Ex-Nissan CEO Carlos Ghosn is looking to meet charges of financial wrongdoing head-on after France issued an international warrant for his arrest.

What does this mean?

Carlos Ghosn, former boss of the Renault-Nissan-Mitsubishi Alliance, one of the biggest car-making groups in the world, has been stuck in Lebanon since fleeing Japan in 2019. He was arrested in late 2018 on allegations of financial misconduct, including the misuse of company funds, which he denies on all counts. He then spent over a year in custody and house arrest in Japan before embarking on a movie-esque escape, which included disguising himself on the streets of Tokyo and hiding in a music equipment box loaded onto a private jet.

Now, four years after his initial arrest in Japan, France has issued an international arrest warrant in his name.
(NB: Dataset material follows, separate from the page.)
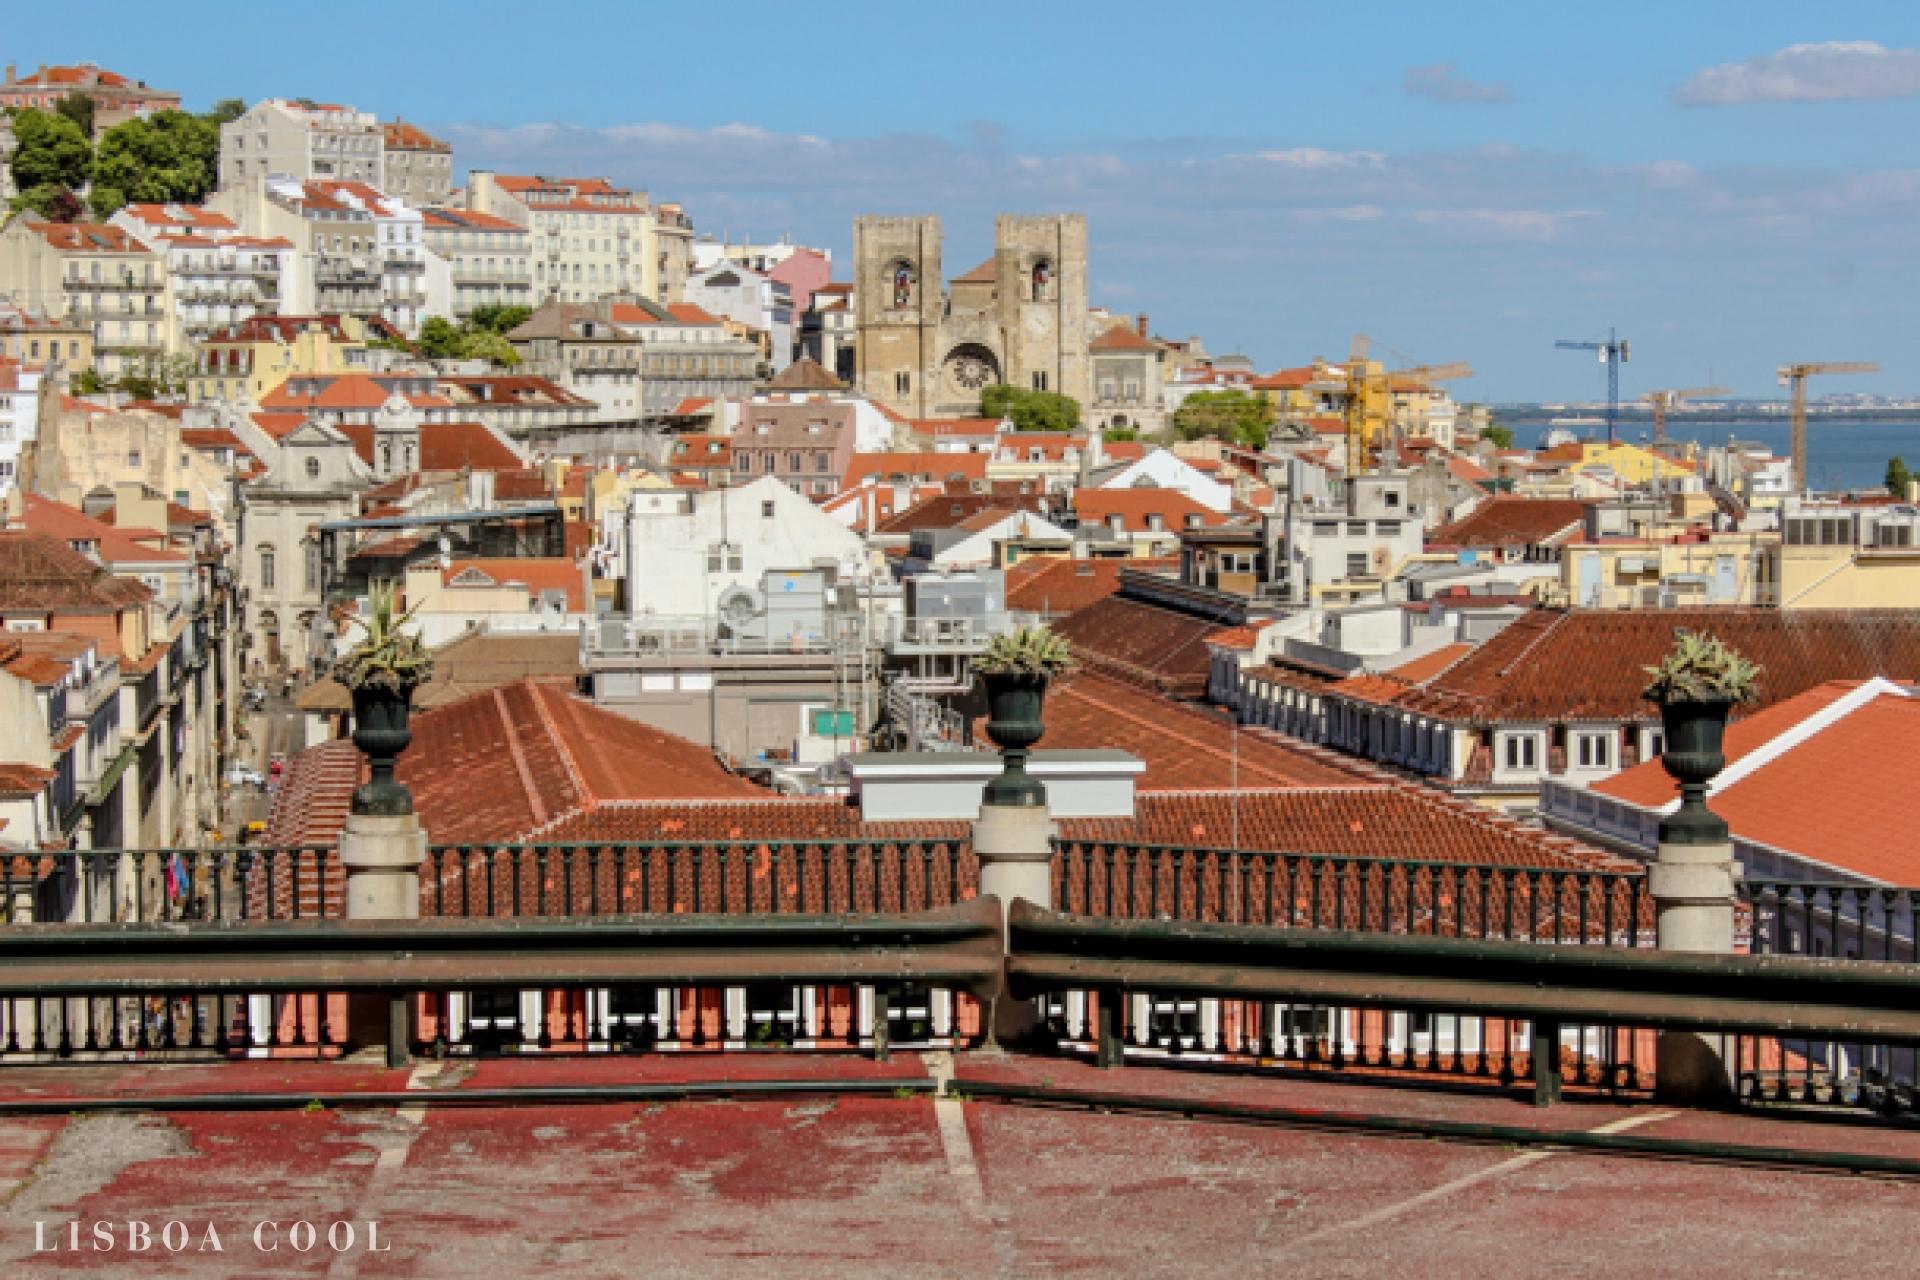 Artesanato Kit Higiene ~ Miradouro Largo da Academia Nacional de Belas Artes Lisboa Cool
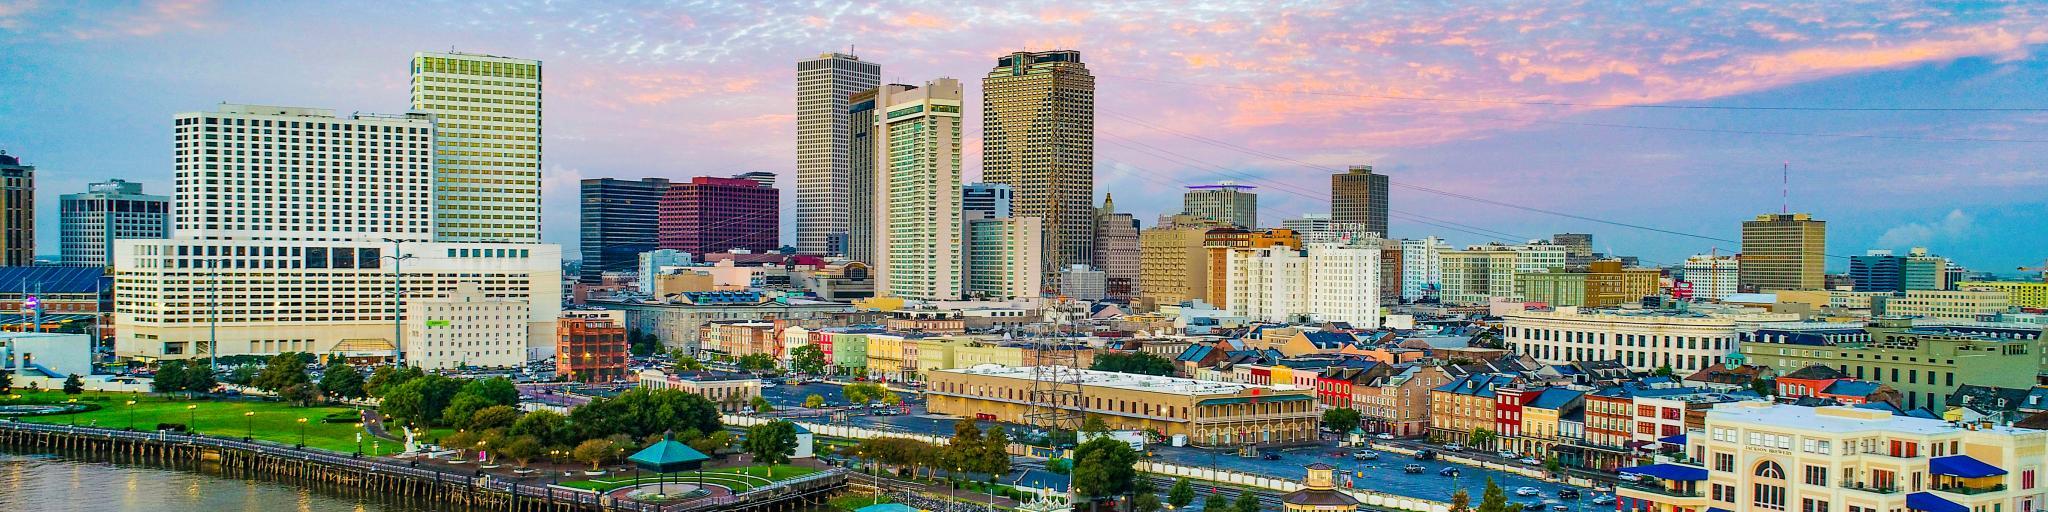 Skyline of New Orleans. Louisiana

Having asserted that the charges levelled against him were baseless from the start, Ghosn is prepared to stand trial in France to clear his name, an outcome both he and his lawyers appear to be confident in. However, his absconding from Japan has created other barriers to his freedom; Lebanon, where he has spent the past three years, does not have an extradition agreement with Japan. However, he also cannot leave the country, owing to an Interpol Red Notice issued against him by Japan.

What's the big picture effect?

Ghosn’s extreme actions in fleeing Japan are a reflection on its criminal justice system’s reputation. Commonly known as “Hitojichi shihĹŤ” or “hostage justice“, it’s a far cry from the system of most other democratic countries. Behind Japan’s extremely low crime rates lie the oppressive powers granted to Japanese law enforcement authorities and public prosecutors.

Prolonged detention prior to charging of the accused is the norm rather than an exception in Japan. Under the Japanese Code of Criminal Procedure, authorities are allowed 23 days of detention before charges must be brought against suspects – but there’s a catch: the period of detention may be indeterminate in practice. The 23-day detention period may be repeatedly extended by filing more charges against the accused.

While Ghosn was held for a total of 128 days, he is far from the longest detained individual within the Japanese system. For instance, Hiroji Yamashiro, a protest leader against the construction of a new US military base in Okinawa, was held for 153 days, more than five months, before being formally charged; or the couple at the centre of the Moritomo Gakuen scandal, who were held without charge for 299 days.

During detention, suspects are commonly interrogated without the presence of a lawyer for up to eight hours a day. All this has culminated in Japan having a nigh-unbelievable 99.4% conviction rate. For perspective, the conviction rate in England and Wales was 82.3% in magistrates courts and 79.1% in crown courts as of the third quarter of 2021.

Ghosn is currently trapped in legal limbo. While he cannot be extradited to France from Beirut to stand trial, he also cannot leave Lebanon to stand trial in France lest he be extradited to Japan, where he would be all but guaranteed to be convicted. As under French law, an investigation cannot be closed unless the person under investigation is in French territory, Ghosn may be out of options until the situation changes.